DB-API (asynchronous) sample

from pyhive import hive
from TCLIService.ttypes import TOperationState

connection = hive.connect(
host="<host>",
port="<port>",
scheme="<https or http>",
data_plane="<data_plane_name>", # Optional, skip if using default data-plane
lakehouse="<lakehouse_cluster_name>",
database="default", # For tables in a non-default catalog, use "<catalog>.<database>"
username="<username>",
password="<personal_access_token>"
)

cursor = connection.cursor()

cursor.execute("SELECT * FROM my_awesome_data LIMIT 10", async_=True)

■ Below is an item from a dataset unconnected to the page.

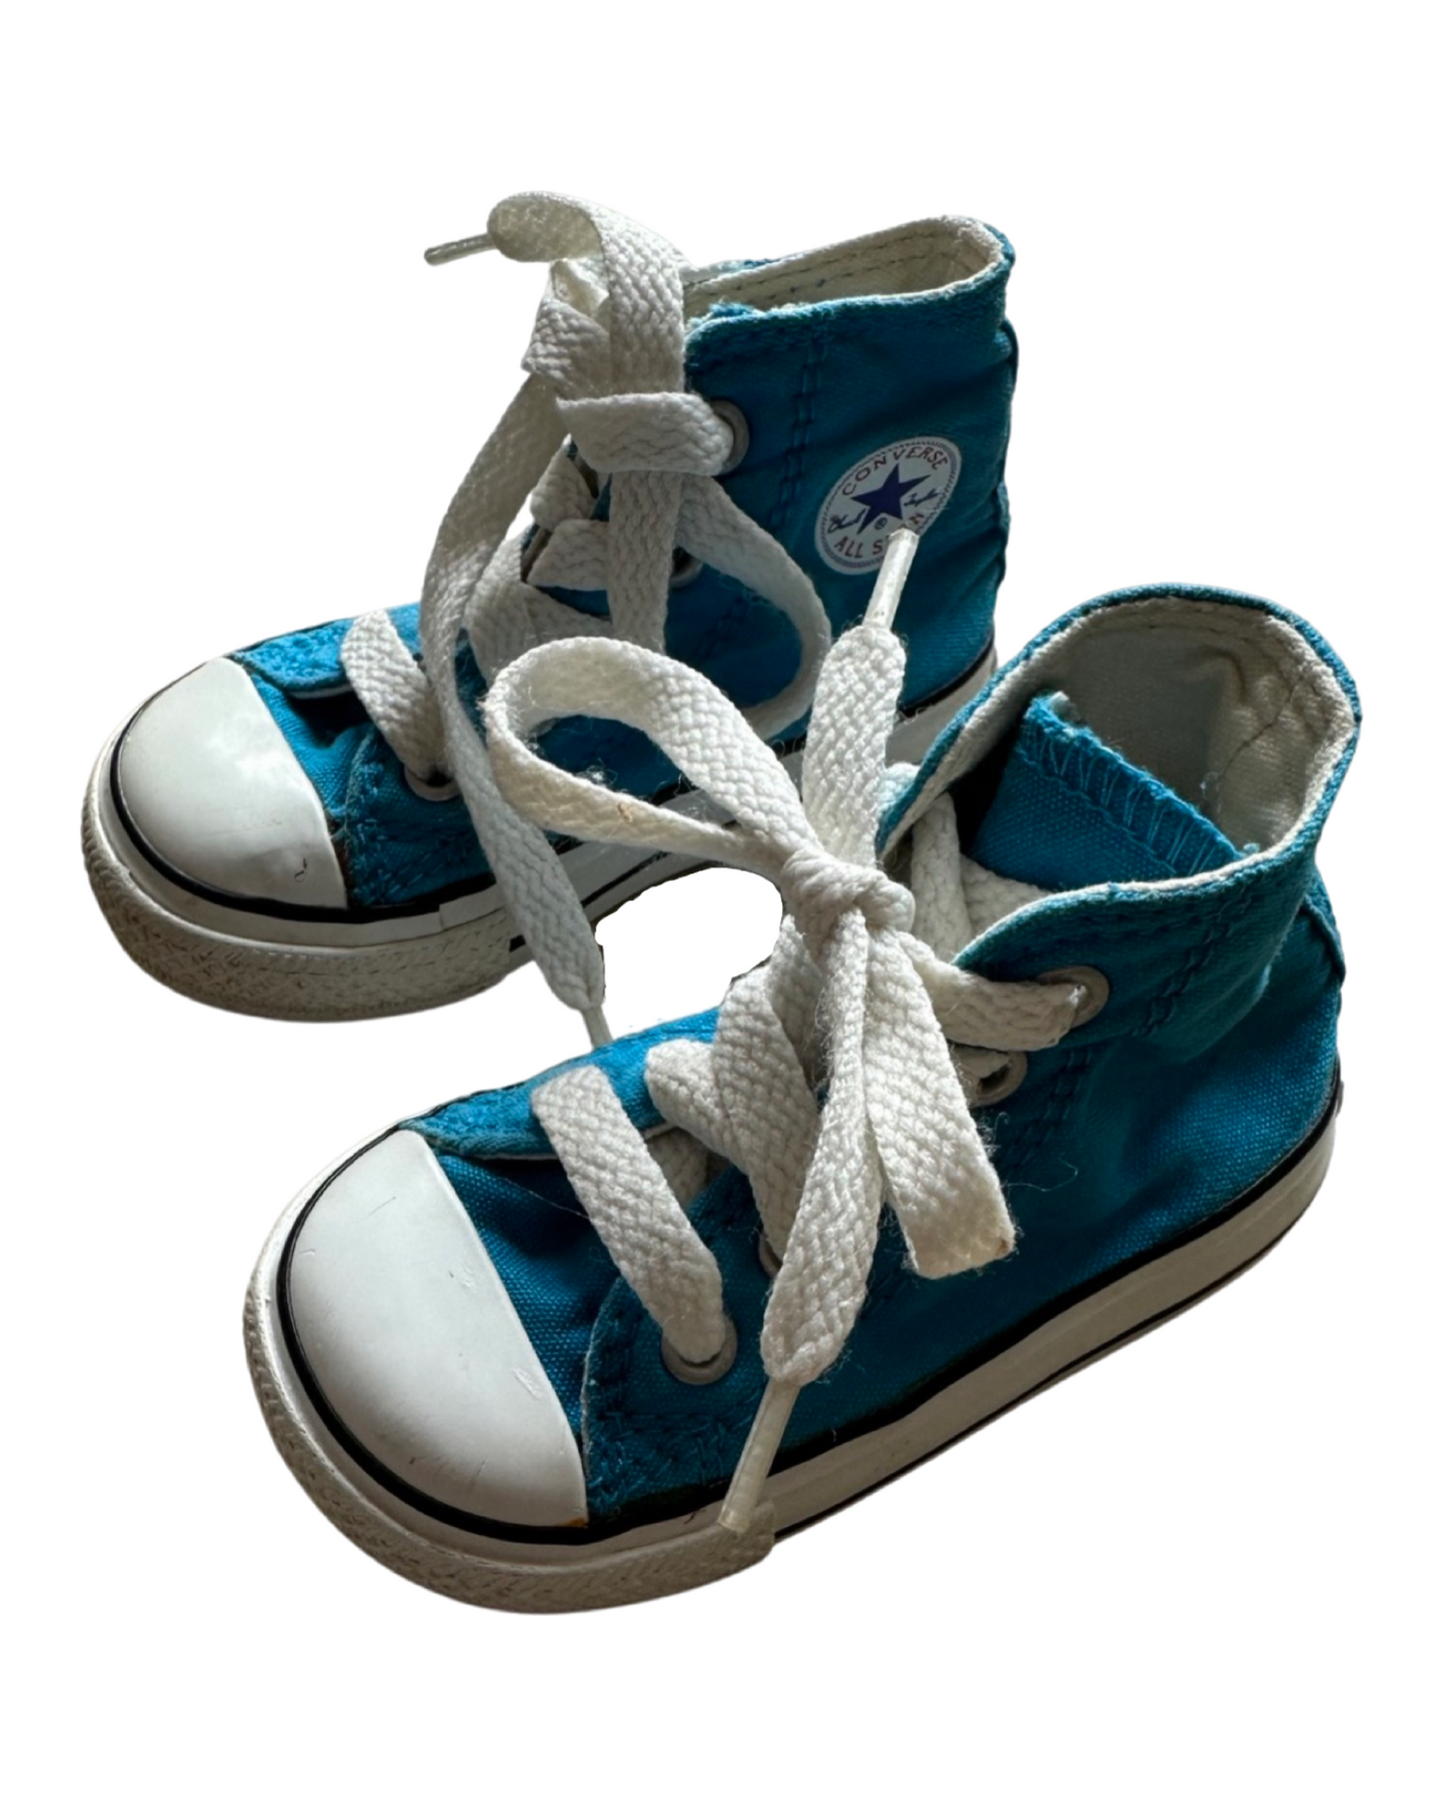 Converse Chuck Taylor infant hi tops in bright blue (UK4/EU20)

status = cursor.poll().operationState

while status in (TOperationState.INITIALIZED_STATE, TOperationState.RUNNING_STATE):
logs = cursor.fetch_logs()
for message in logs:
print(message)

# If needed, an asynchronous query can be cancelled at any time with:
# cursor.cancel()

status = cursor.poll().operationState

print(cursor.fetchall())

SQLAlchemy

Install SQLAlchemy extra package

pip install "py-hive-iomete[sqlalchemy]"
from sqlalchemy import MetaData, Table
from sqlalchemy.engine import create_engine
from sqlalchemy.orm import sessionmaker

# Possible dialects (hive and iomete operate identically):
# hive+http
# hive+https
# iomete+http
# iomete+https

engine = create_engine(
'iomete+https://<username>:<personal_access_token>@<host>:<port>/<database>?data_plane=<data_plane_name>&lakehouse=<lakehouse_cluster_name>')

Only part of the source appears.